Search code examples
ffmpegformatpixeltransparencyvp9

FFmpeg library is detecting pixel format of VP9 video stream not correctly


I am using a C code to detect pixel format of VP9 video stream in a WebM container. FFmpeg version 6.0, full shared library build, downloaded from official website. Operating system is Windows 10. I feed the library with a VP9 video encoded with alpha channel, pixel format is YUVA420p.
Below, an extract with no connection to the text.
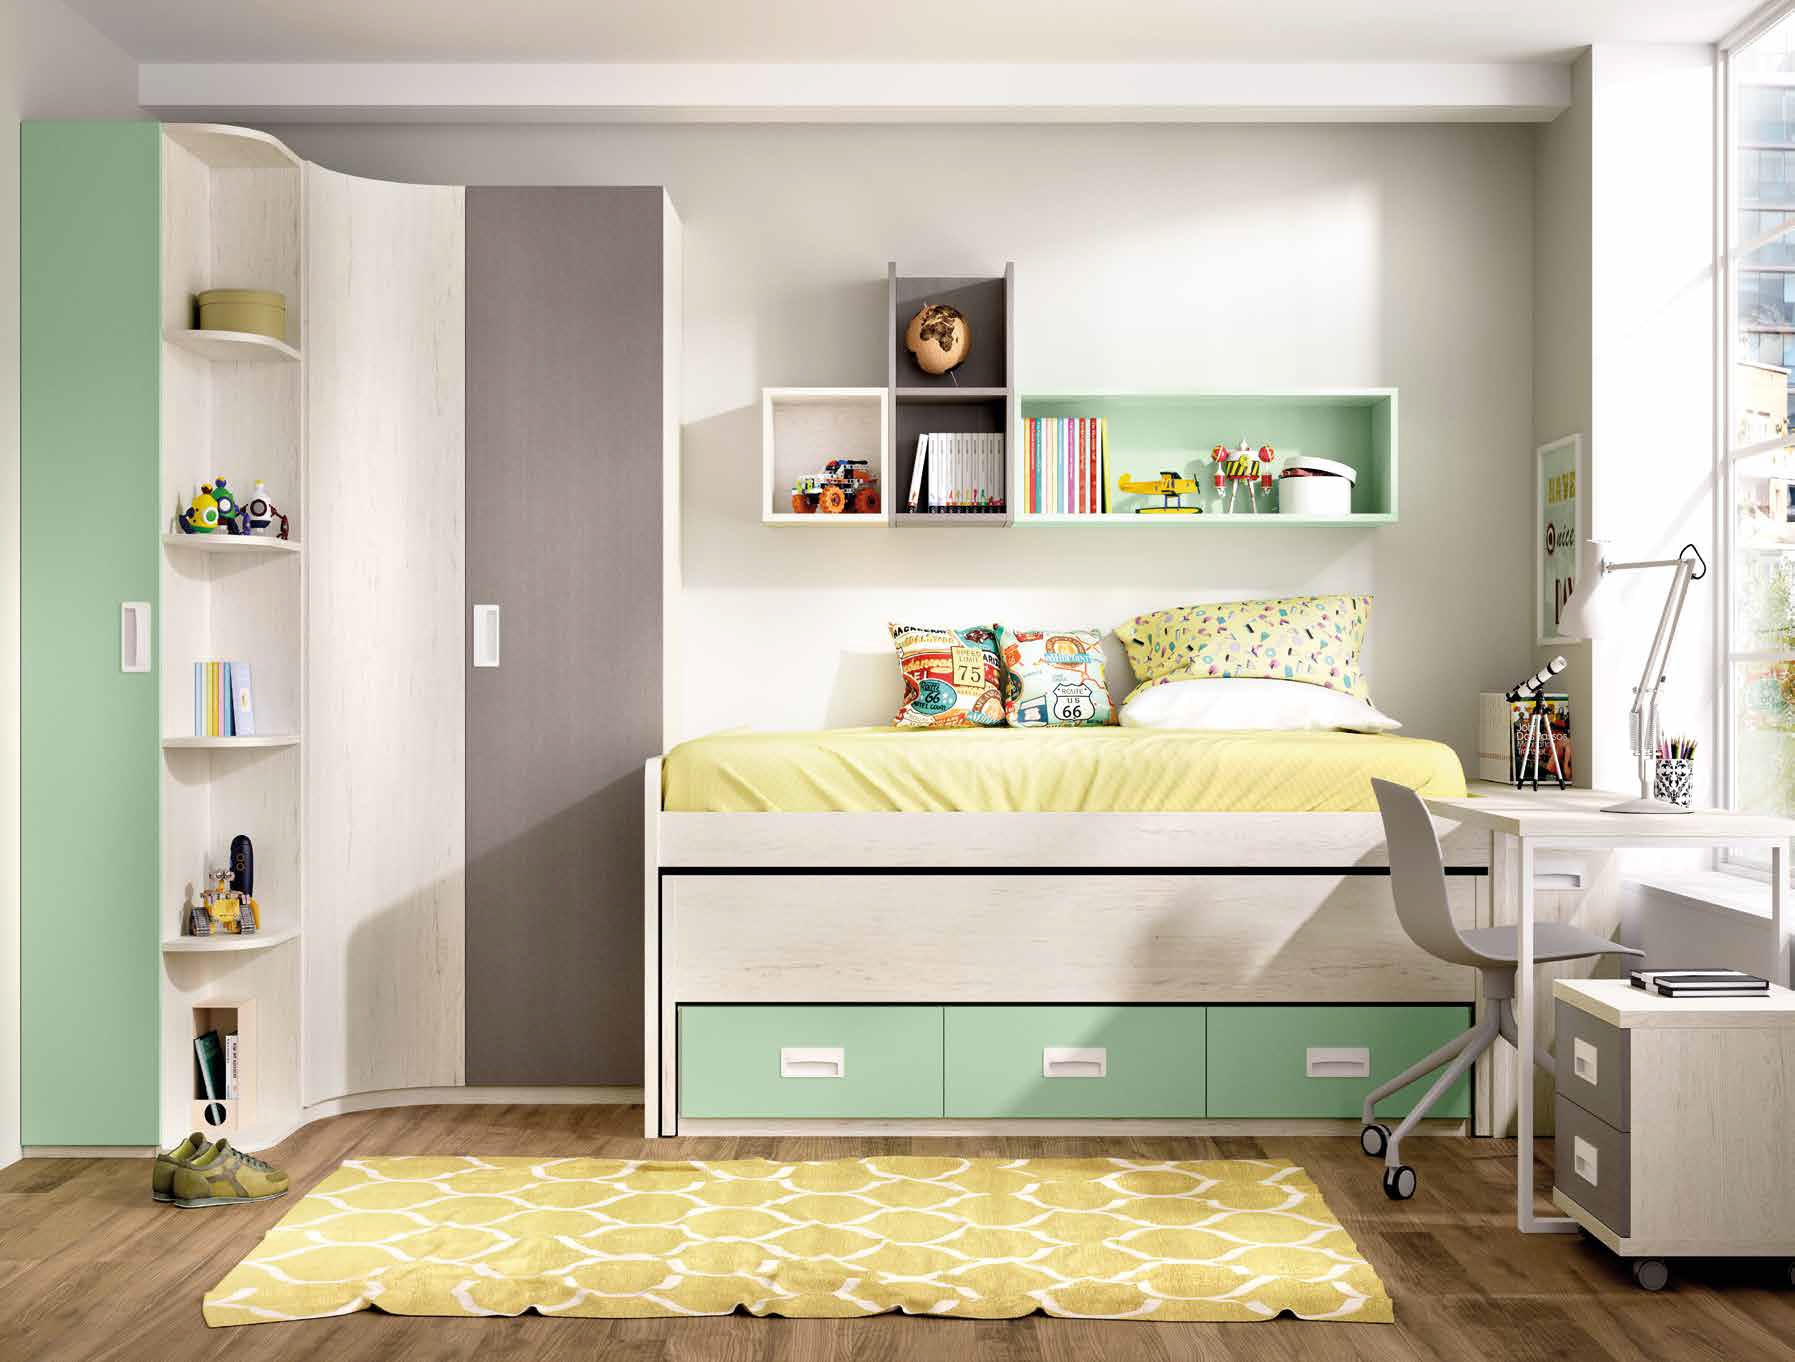 compactos-ONE-19-muebles-paco-caballero-512-5ccc174766e62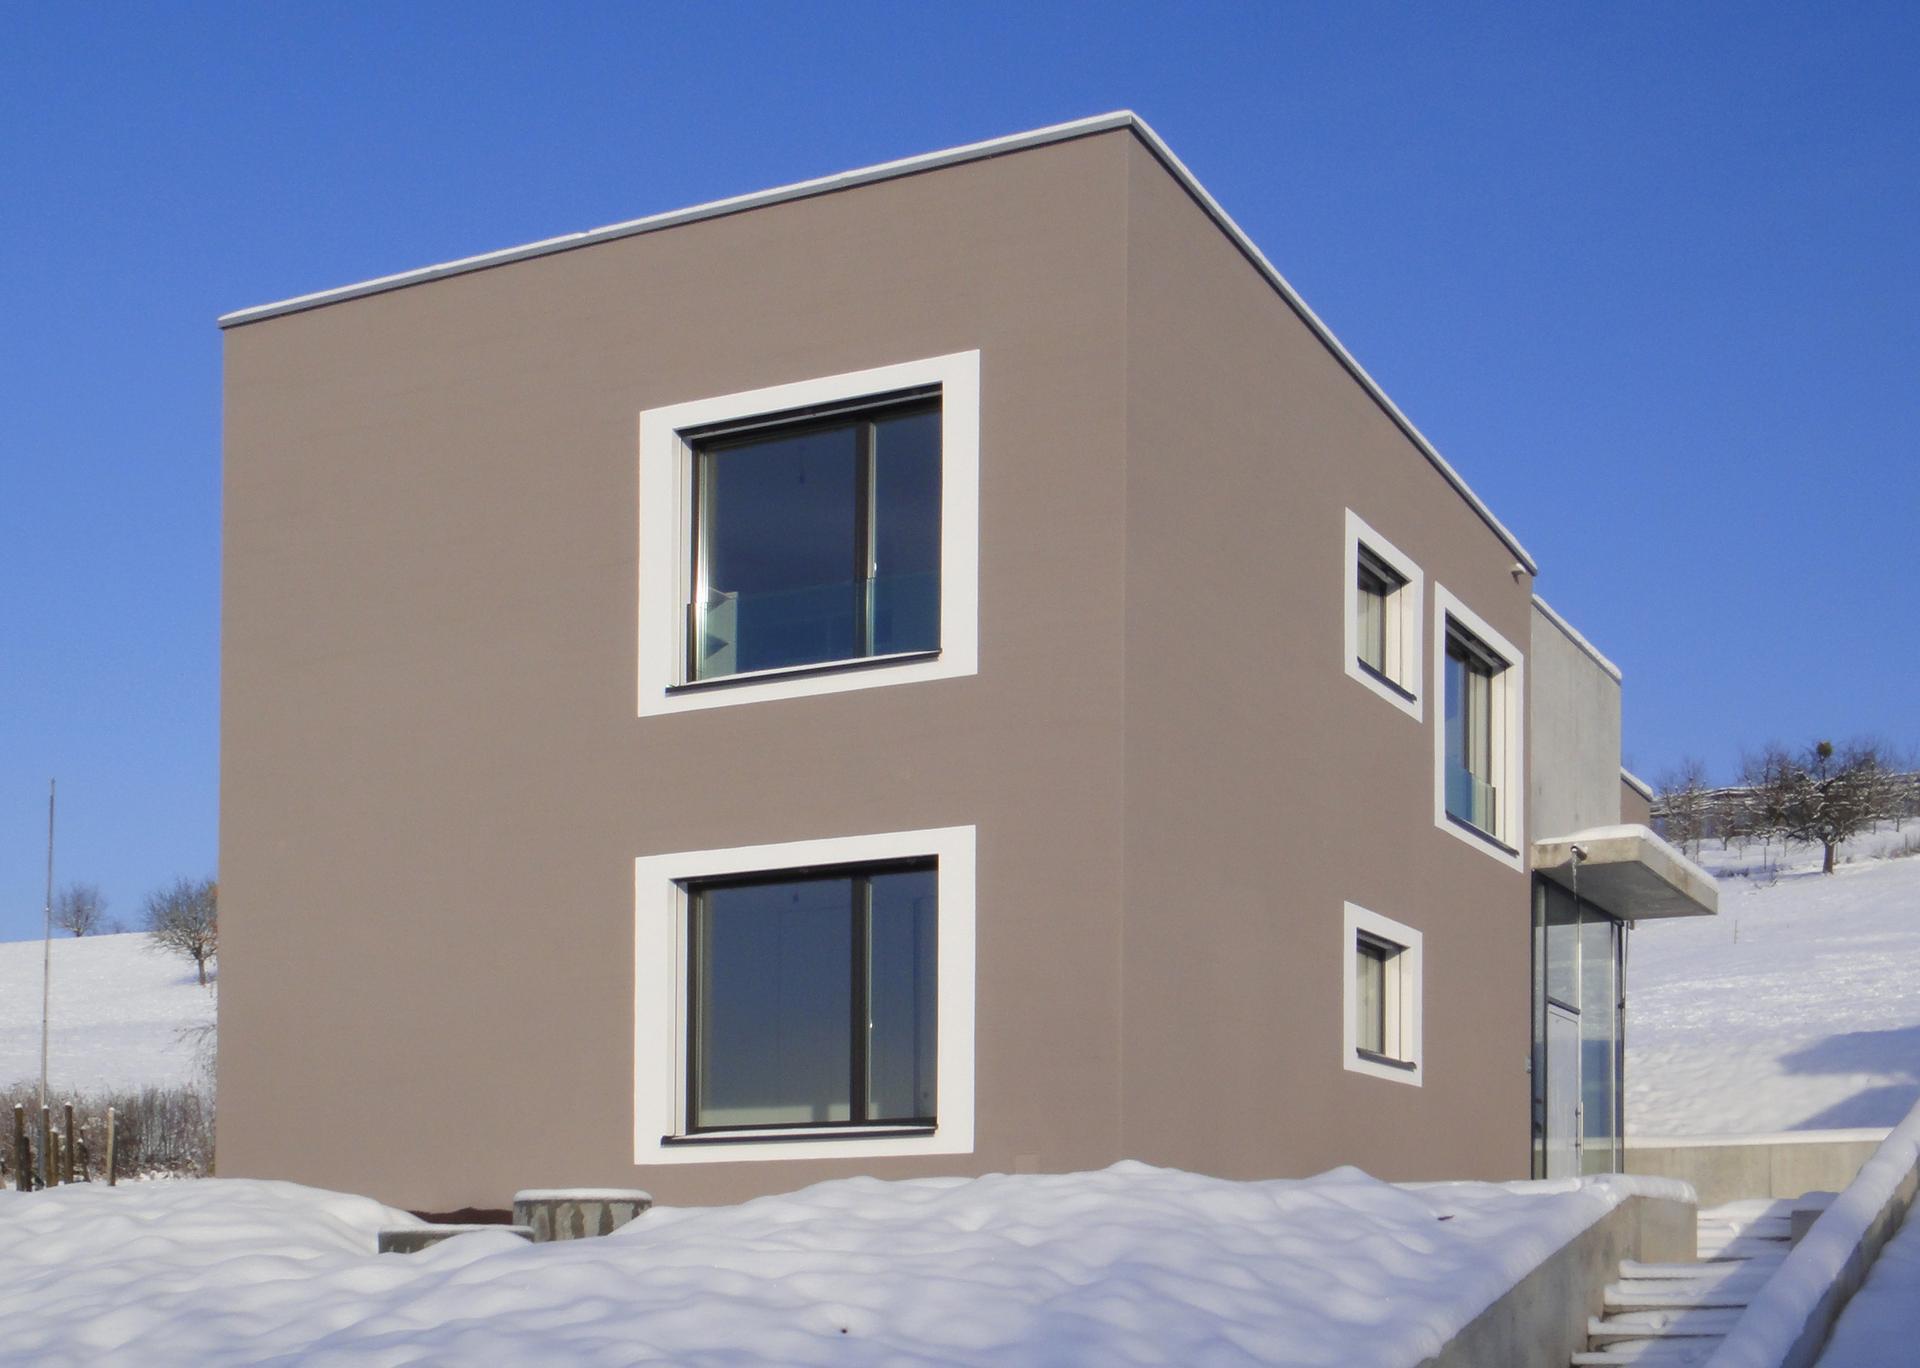 Efh r bmatt olsberg bfb architekten ag for Architekten schweiz

It detects pixel format as YUV420p.

I have found a similar question on StackOverflow.com, Is there a way to force FFMPEG to decode a video stream with alpha from ​a WebM video encoded with libvpx-vp9?, but it does not actually help.

When I override the decoder with a libvpx, it continues to detect the pixel format as YUV420p instead of YUVA420p.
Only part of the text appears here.